# No pvc for flue pipe vents



## stupid helper (Sep 30, 2012)

I read today that it is against code to run PVC for flue pipe vents.. The PVC is separating and is causing people to get sick from carbon monoxide poisoning.. It might only be on South Carolina where I'm at but you might want to think about it before you do it


----------



## Gettinit (May 9, 2012)

It is OK for sch. 40 on some condensing boilers. Are they not letting you regardless?


----------



## rjbphd (Feb 5, 2010)

stupid helper said:


> I read today that it is against code to run PVC for flue pipe vents.. The PVC is separating and is causing people to get sick from carbon monoxide poisoning.. It might only be on South Carolina where I'm at but you might want to think about it before you do it


 Where did you read it from??


----------



## stupid helper (Sep 30, 2012)

rjbphd said:


> Where did you read it from??


When I got to the shop this morning the boss had some write up about our on the table for everybody to read.. I'll see it I can't find a link for it and put it on here so y'all can read it


----------



## stupid helper (Sep 30, 2012)

www.plumbingengineer.com/may_12/code.php


----------



## chuckscott (Oct 20, 2010)

stupid helper said:


> I read today that it is against code to run PVC for flue pipe vents.. The PVC is separating and is causing people to get sick from carbon monoxide poisoning.. It might only be on South Carolina where I'm at but you might want to think about it before you do it


You sure it wasn't cell core they were talking about?


----------



## ZL700 (Dec 8, 2009)

stupid helper said:


> www.plumbingengineer.com/may_12/code.php


Not the case 
It used to be most the tankless companies would spout this untruth now it tends to be only Rinnai that is the only tankless without PVC venting capabilities under certain conditions. 

Most boilers manufacturers have a model now that vents with PVC now so it wouldn't be them. 

Ron's continuing to pitch his PVC vent safety system that he's trying to patent and require on all PVC vented appliances. 
All money motivated on his part. 
Ron's writings are only editorials, not code.

Code enforcement usually follows manufacture instructions that have received CSA international safety testing and certification which includes vent systems.


----------



## rjbphd (Feb 5, 2010)

Its the cellaur core that are not allowed.


----------



## stupid helper (Sep 30, 2012)

ZL700 said:


> Not the case
> It used to be most the tankless companies would spout this untruth now it tends to be only Rinnai that is the only tankless without PVC venting capabilities under certain conditions.
> 
> Most boilers manufacturers have a model now that vents with PVC now so it wouldn't be them.
> ...


10-4 I didn't really read it all the way over this morning.. Just kind of glanced at it.. But i believe you are right..bit it's good to know anyways


----------



## ZL700 (Dec 8, 2009)

stupid helper said:


> 10-4 I didn't really read it all the way over this morning.. Just kind of glanced at it.. But i believe you are right..bit it's good to know anyways


Oh I'm right, I know the jerk


----------



## chuckscott (Oct 20, 2010)

stupid helper said:


> www.plumbingengineer.com/may_12/code.php


From the article:

"I was asked to inspect the installation.
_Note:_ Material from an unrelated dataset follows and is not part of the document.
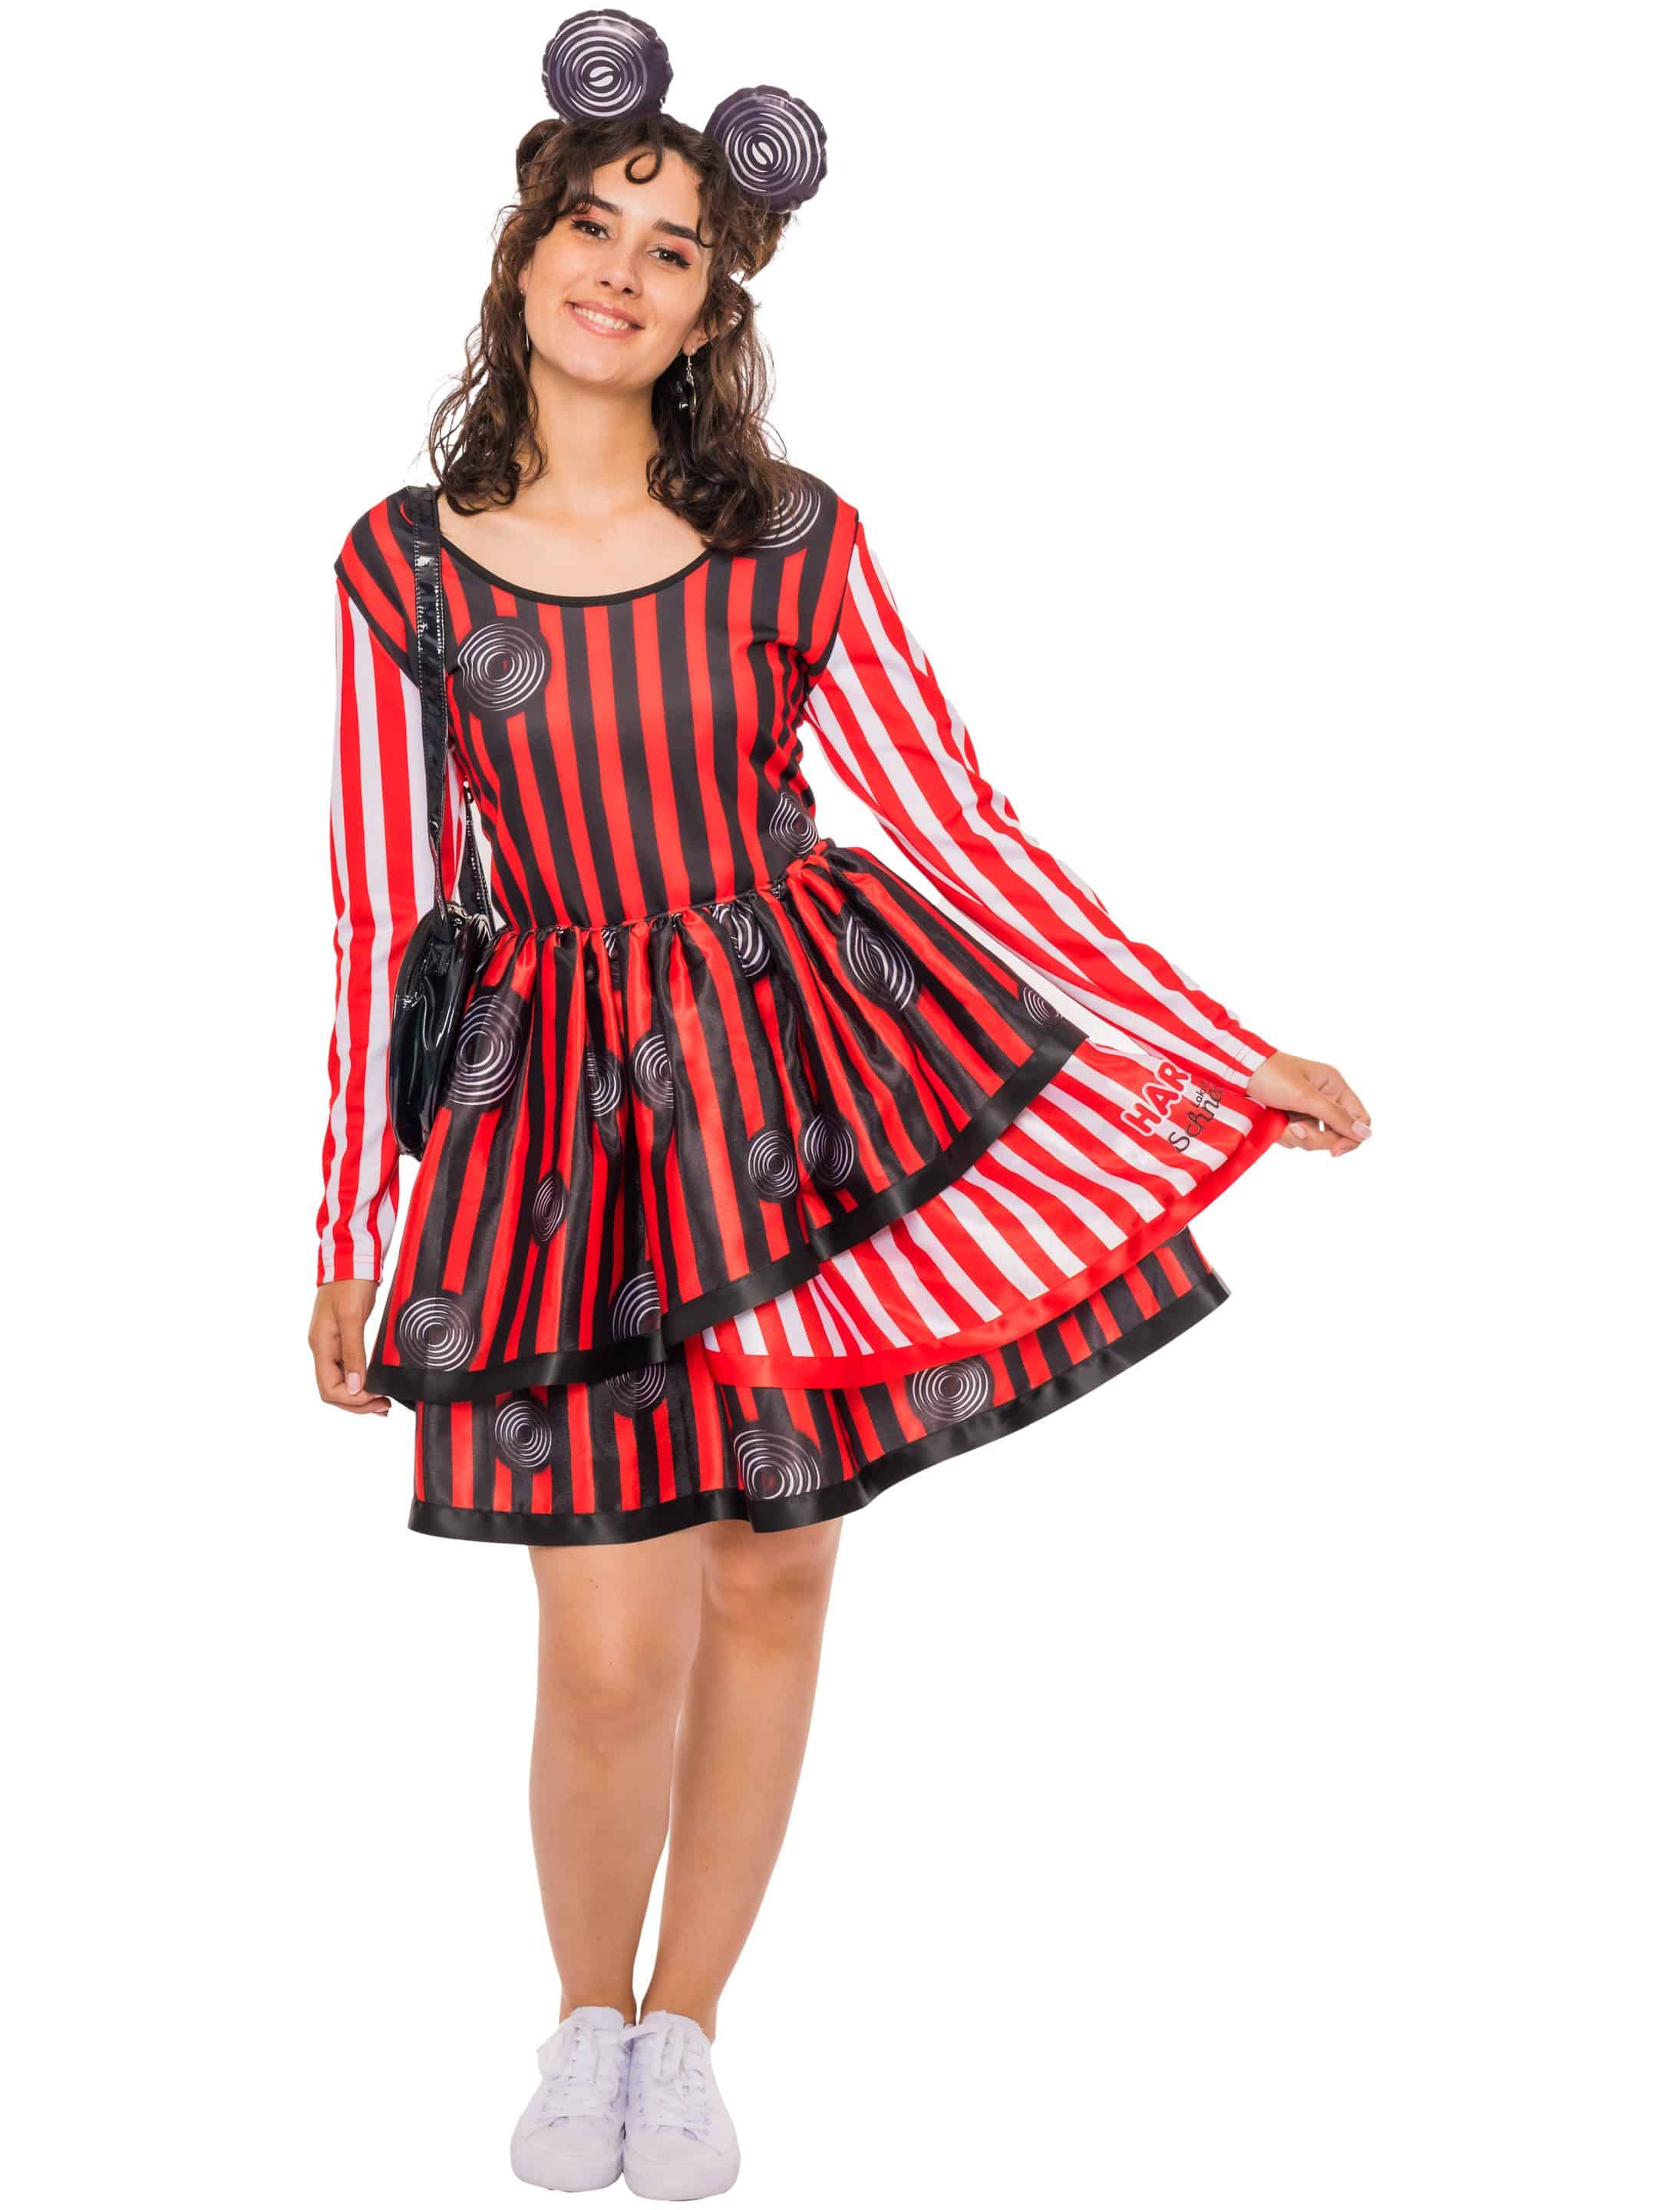 Kleid HARIBO Lakritz Schnecken Damen schwarz/weiß/rot 3XL
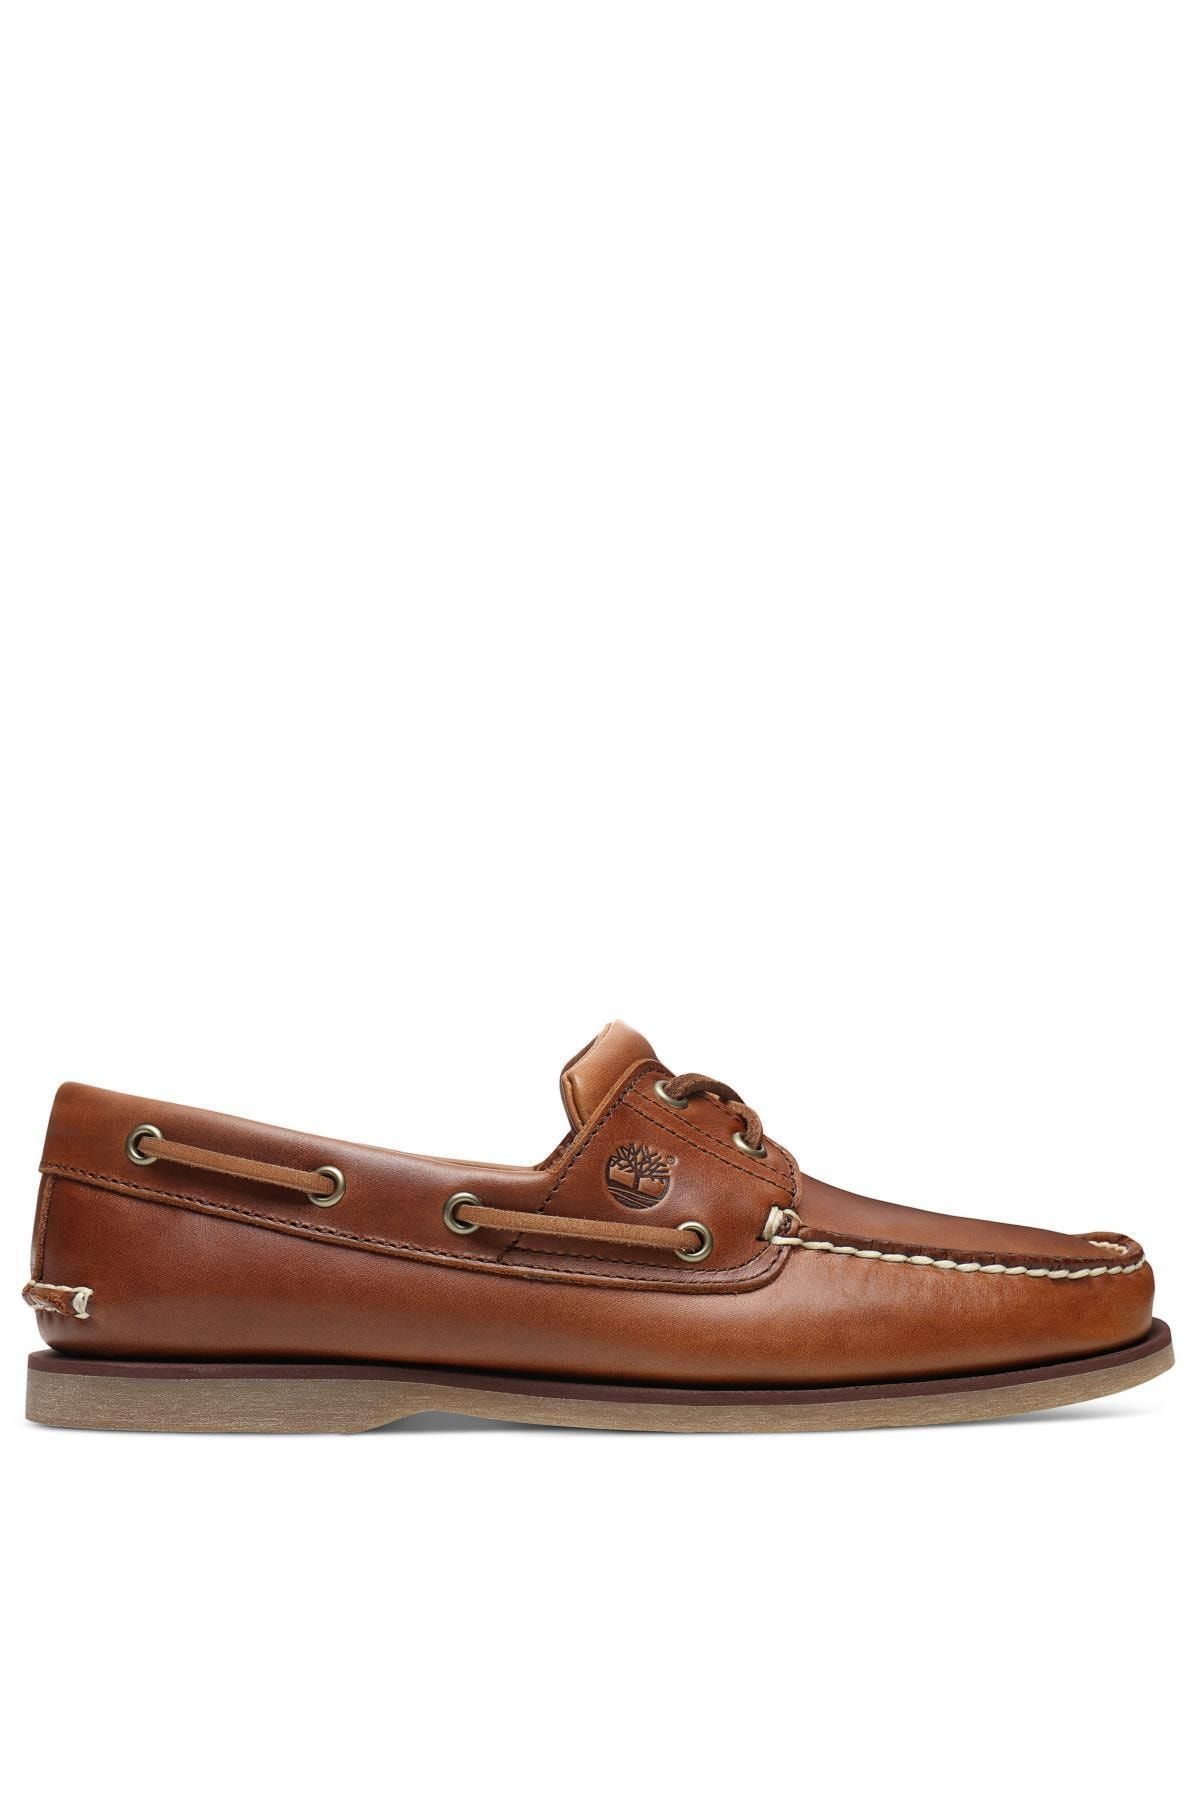 Timberland Classic Erkek Ayakkabı Kahverengi

I photographed, took temperature recordings and used a multi-gas detector to take readings. The two PVC flue vents were connected to two water heaters that were piped together in the garage of a three-story townhome. The plumber had found that the flue pipes _*in separate joist spaces*_ were completely separated and that what appeared to be carbon monoxide poisoning and oxygen deprivation may have caused the woman’s illness; she apparently has brain damage and is now permanently disabled.

The *PVC flue pipe separations above the drywall ceiling* allowed products of combustion, including carbon monoxide and water vapor, to vent under positive pressure into the house over several years. This caused excessive mold and water damage to the structure. 

_*It appears that PVC flue pipes should not be located in concealed spaces such as the space between a ceiling and a floor deck, near insulation or floor joists or in wall cavities that have no ambient air cooling capability.*_"

I am not sure about where you are at, but I can't recall seeing any PVC running vertically through the roof of a house around here. Not saying that there isn't any around. Every install I have seen is done as close to exterior wall as possible, with max length and bend requirements. 

From what I read it sounds more like a bad install practice more than anything. 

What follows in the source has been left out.